The rows with the largest or smallest value in a column can be selected with the functions 'top_k' and 'bottom_k'.

In [None]:
# the most streamed song on Spotify in one day worldwide: Easy On Me by Adele
df.top_k(1, by="streams")

We can listen to that one, too.

In [None]:
# plays a preview of the song with Spotify. If there are multiple songs in the dataframe, a row number can be specified.
play_song(df.top_k(1, by="streams"))

Rows can be selected precisely using the `filter` method and a Boolean expression. For example, we can select all records of a particular artist.

In [None]:
# two rows for the singer "Adele".
# eq stands for equals
df.filter(pl.col("artist").eq("Adele")).head(2)

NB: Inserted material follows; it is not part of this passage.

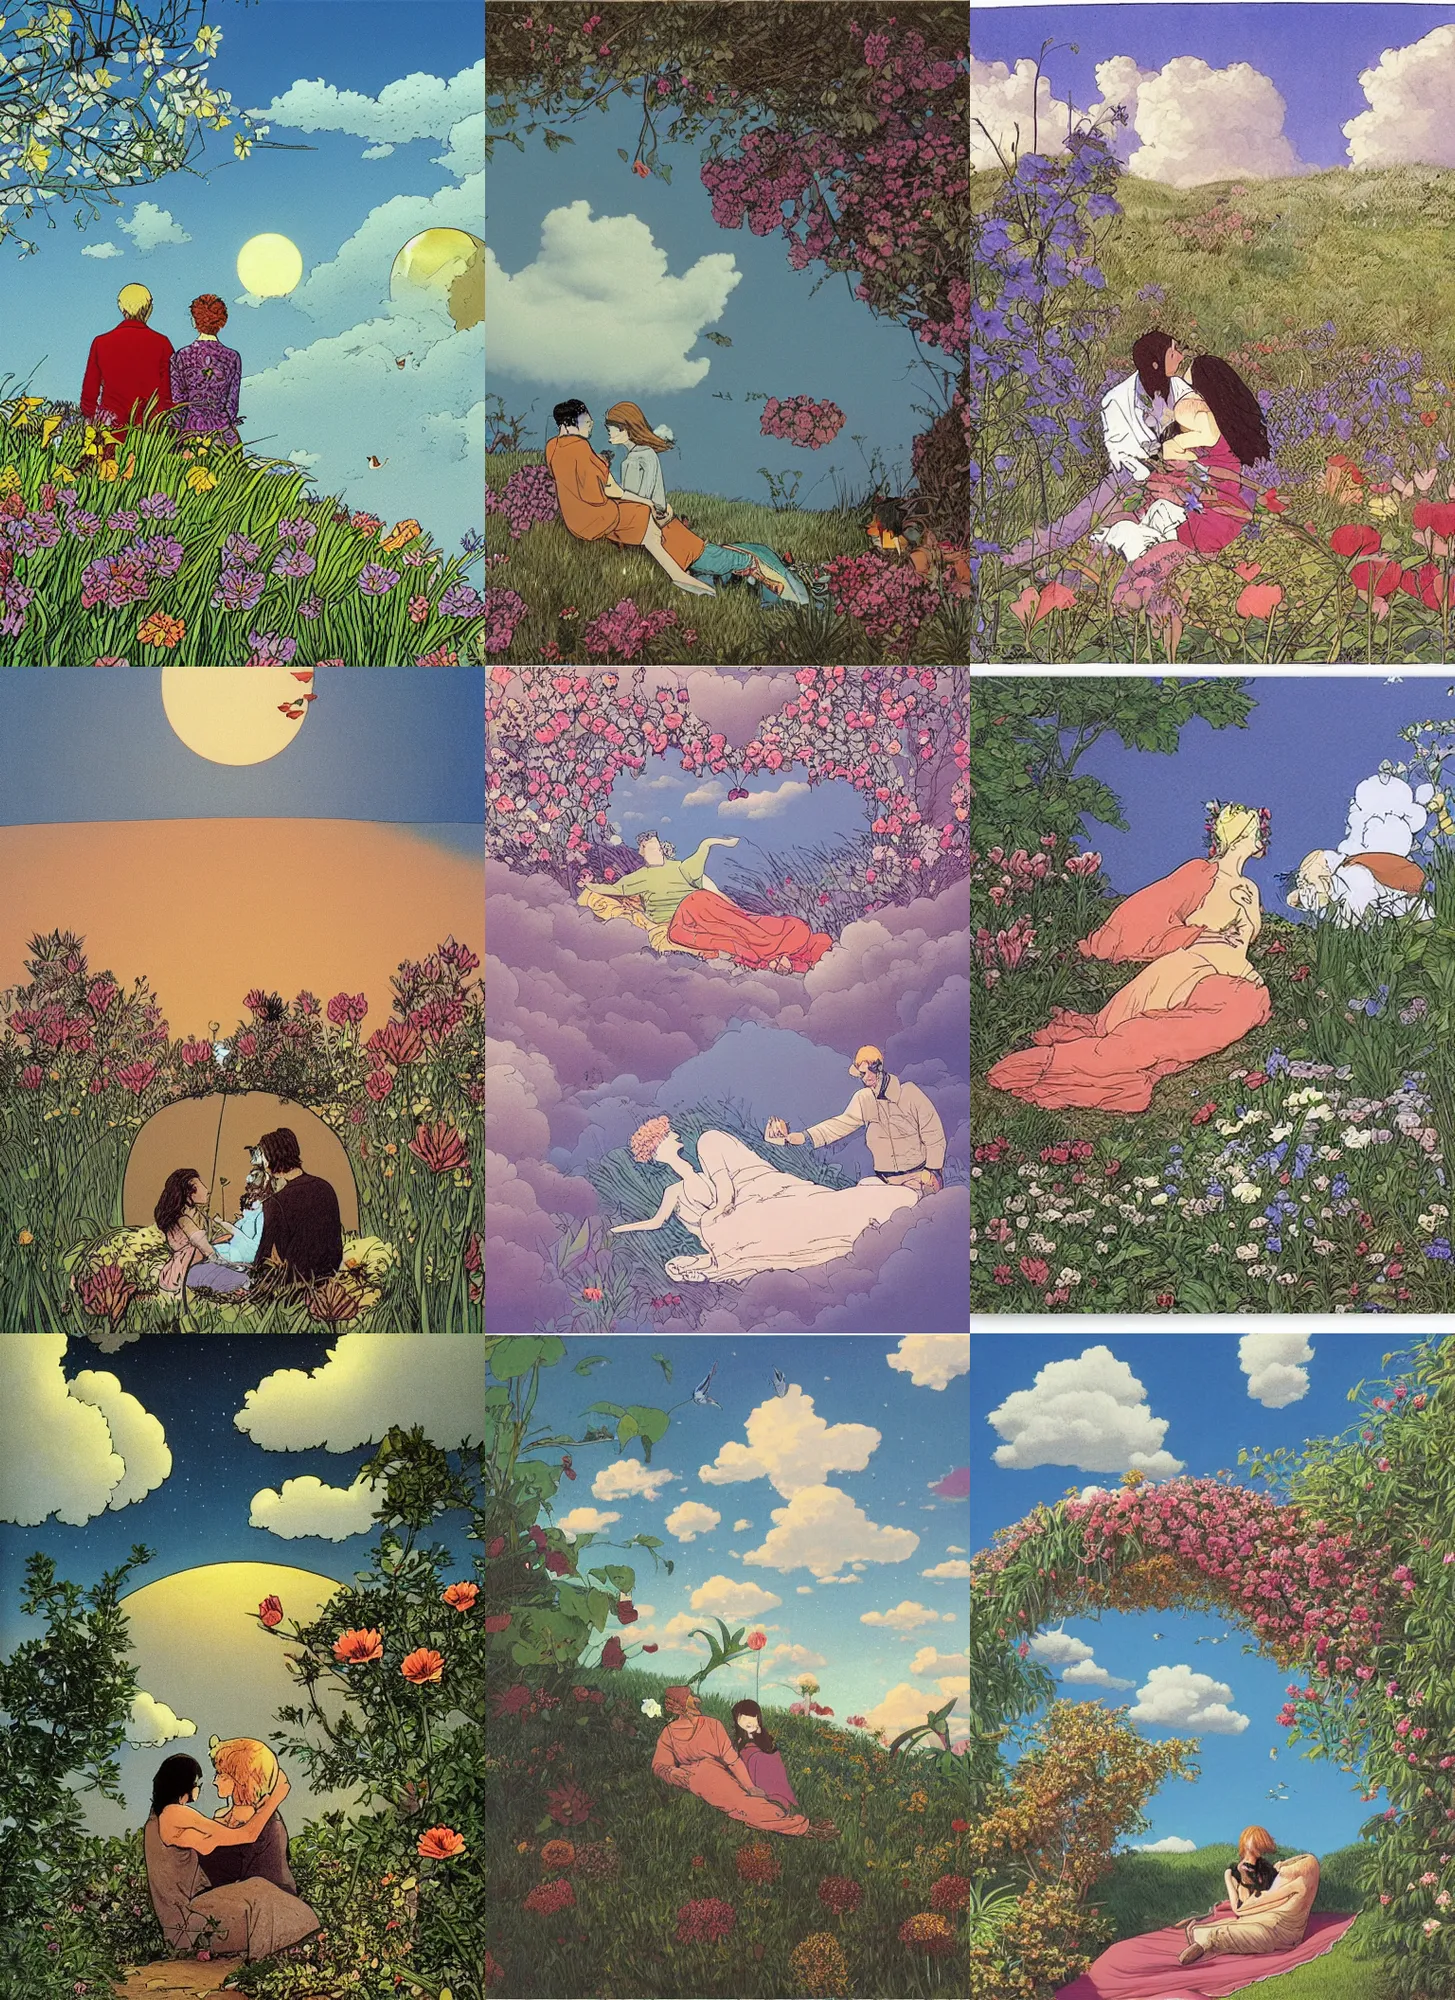 Prompt: picnin scene in nature, couple in love, flowers, clouds, a sleeping cat, by moebius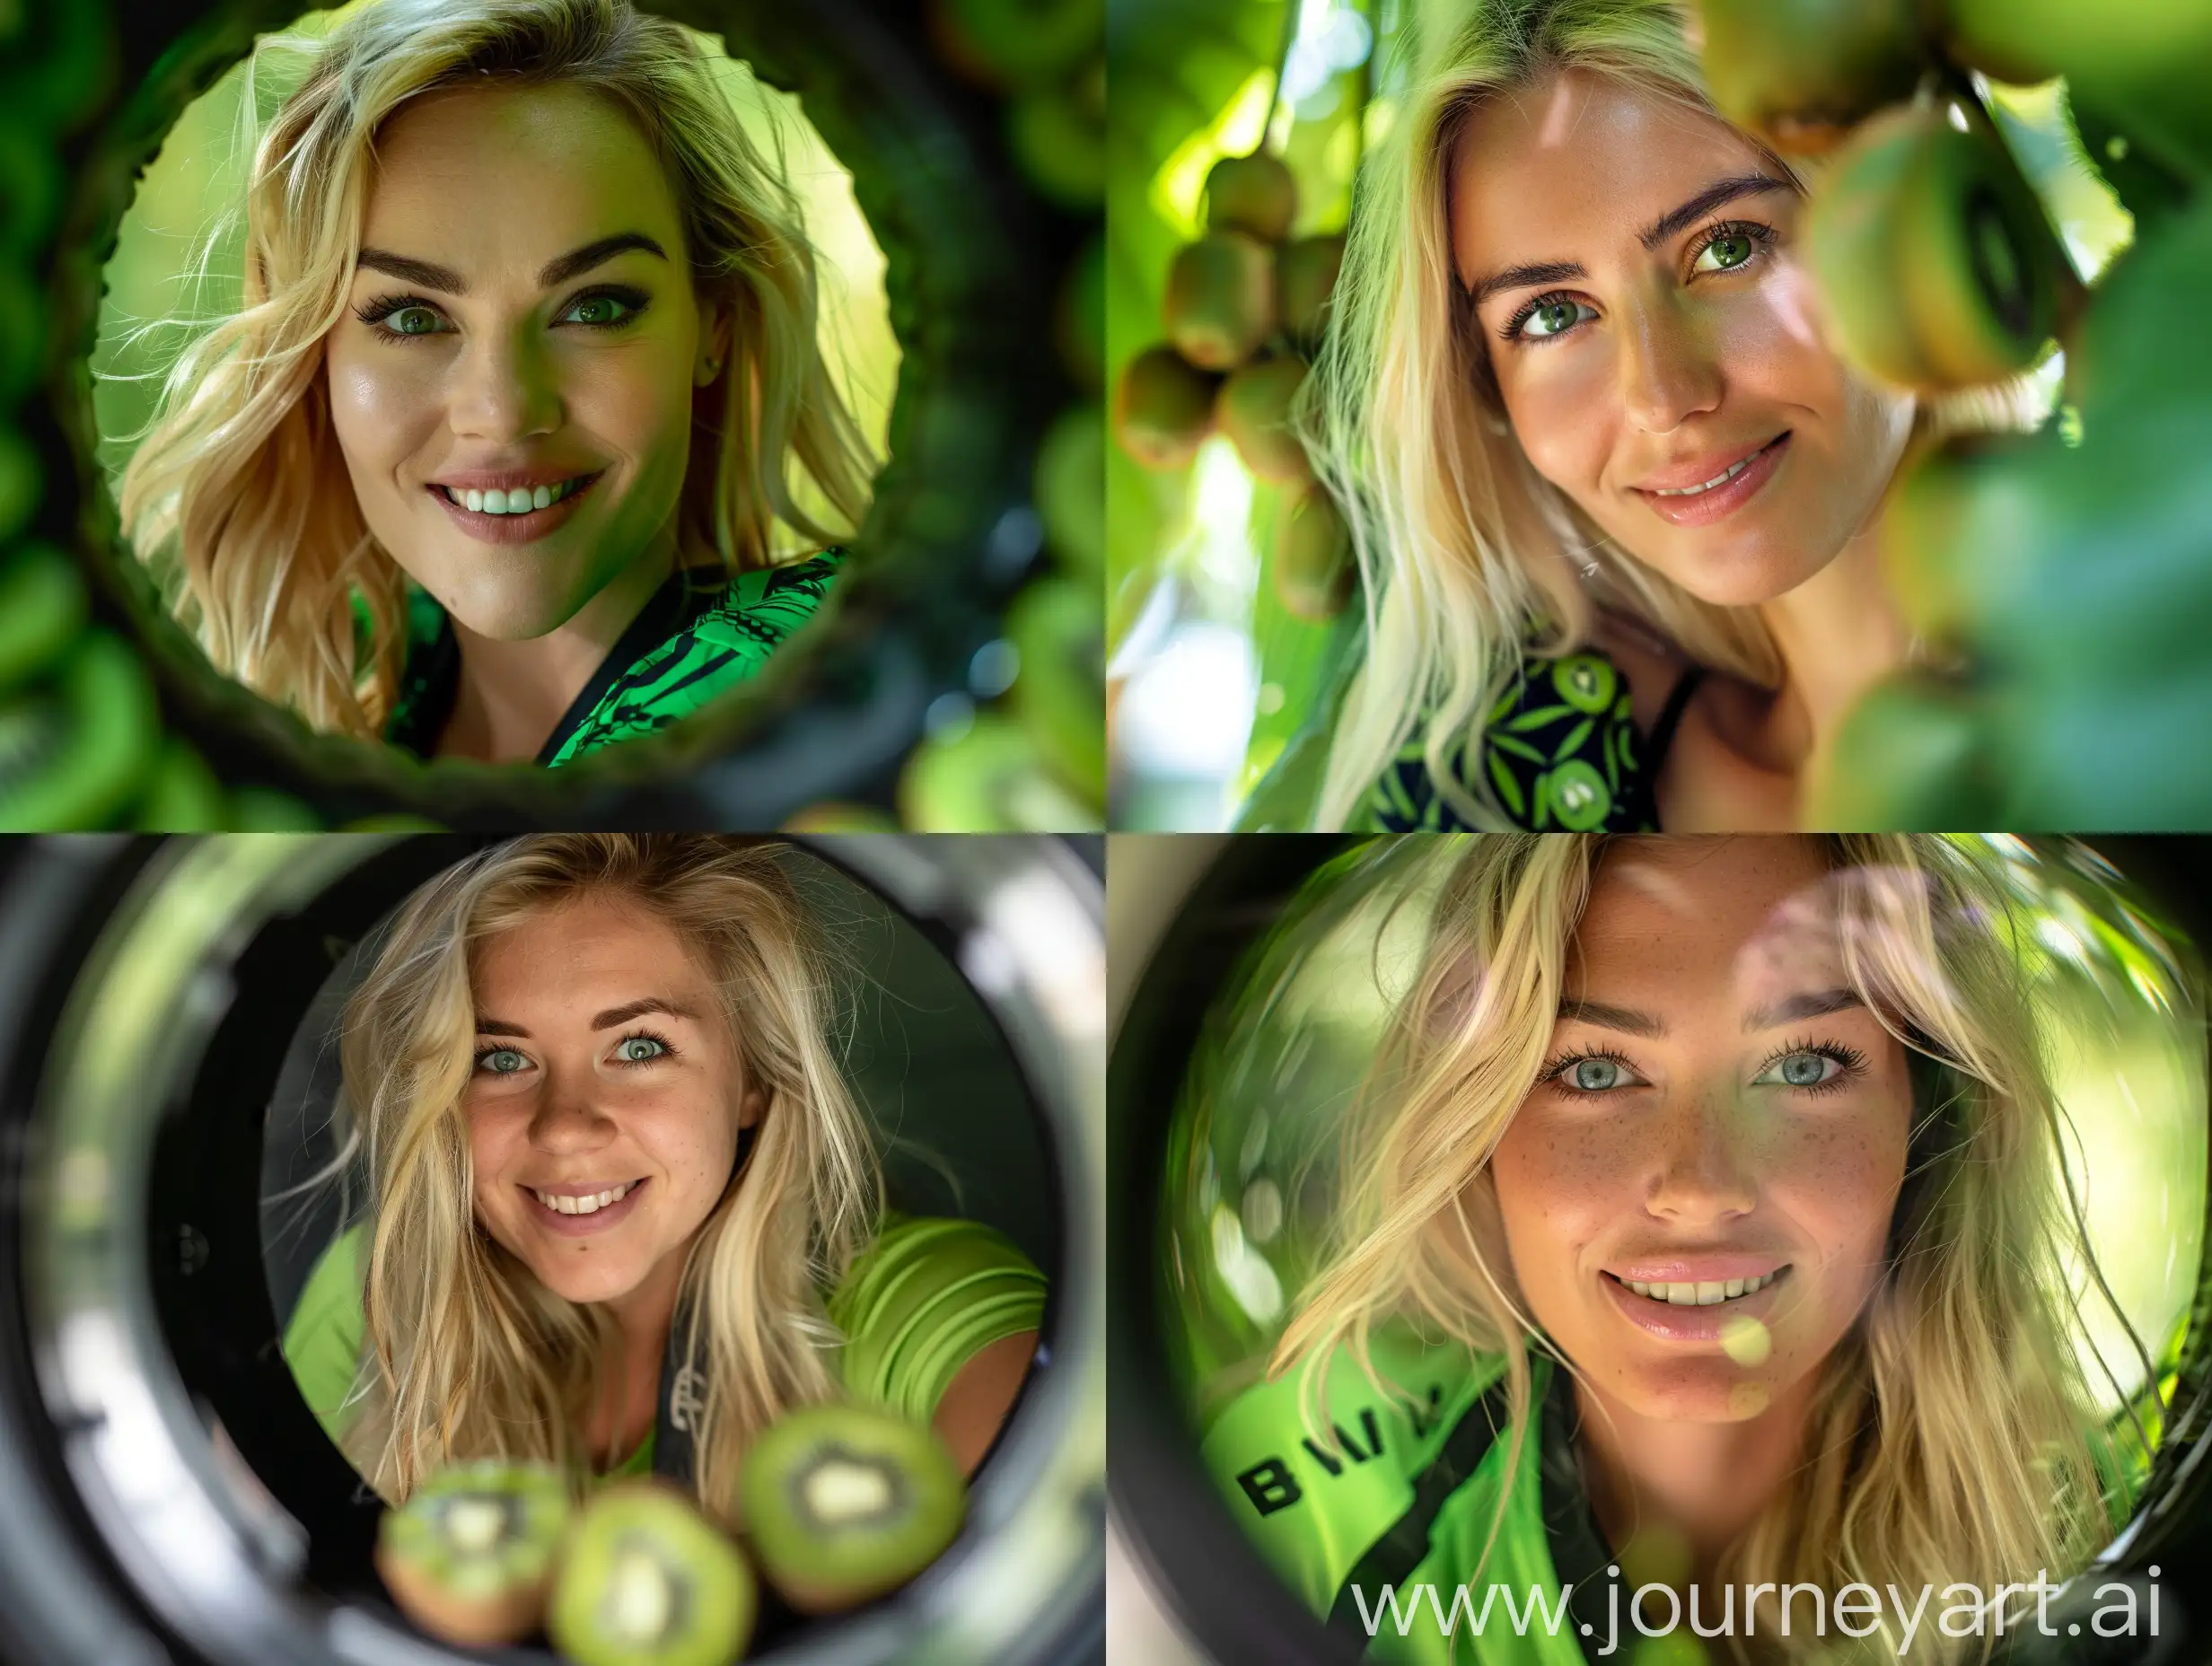 Real photo of a beautiful blonde woman. happy face Looking through the camera lens. Green and black clothes. A few kiwis in the picture

An overview of important operators:
- Equal (`==`): `eq`
- Not Equal (`!=`): `ne`.
- Greater Than (`>`, `>=`): `gt`, `ge`
- Less Than (`<`, `<=`): `lt`, `le`
- Between: `is_between`
- Equal to one of a set: `is_in`.

Logical expressions can be linked with:
- conjunction/AND: `&`
- disjunction/OR: `|`
- Contravalence/XOR: `^`
- Negation/NOT: `~`

In [None]:
# two entries for the song "Easy On Me" by Adele with more than 3 million streams in one day
df.filter(pl.col("artist").eq("Adele") & pl.col("title").eq("Easy On Me") & pl.col("streams").gt(3_000_000)).head(2)

Instead of the operators `eq` and `gt` it would also be possible to use the standard Python operators `==` and `>`. But then all logical subexpressions have to be compounded. What you prefer is in the end a matter of taste 😁

In [None]:
df.filter(pl.col("artist").eq("Adele") & pl.col("title").eq("Easy On Me") & pl.col("streams").gt(3_000_000)).head(2)
df.filter((pl.col("artist") == "Adele") & (pl.col("title") == "Easy On Me") & (pl.col("streams") > 3_000_000)).head(2)

For a comparison with a specific date, the date can be generated with the function `pl.date`.

In [None]:
# two entries for May 1, 2017
df.filter(pl.col("date").eq(pl.date(2017, 5, 1))).head(2)

In [None]:
# the ranks 5 to 10 for July 19, 2018
df.filter(pl.col("date").eq(pl.date(2018, 7, 19)) & pl.col("rank").is_between(5, 10))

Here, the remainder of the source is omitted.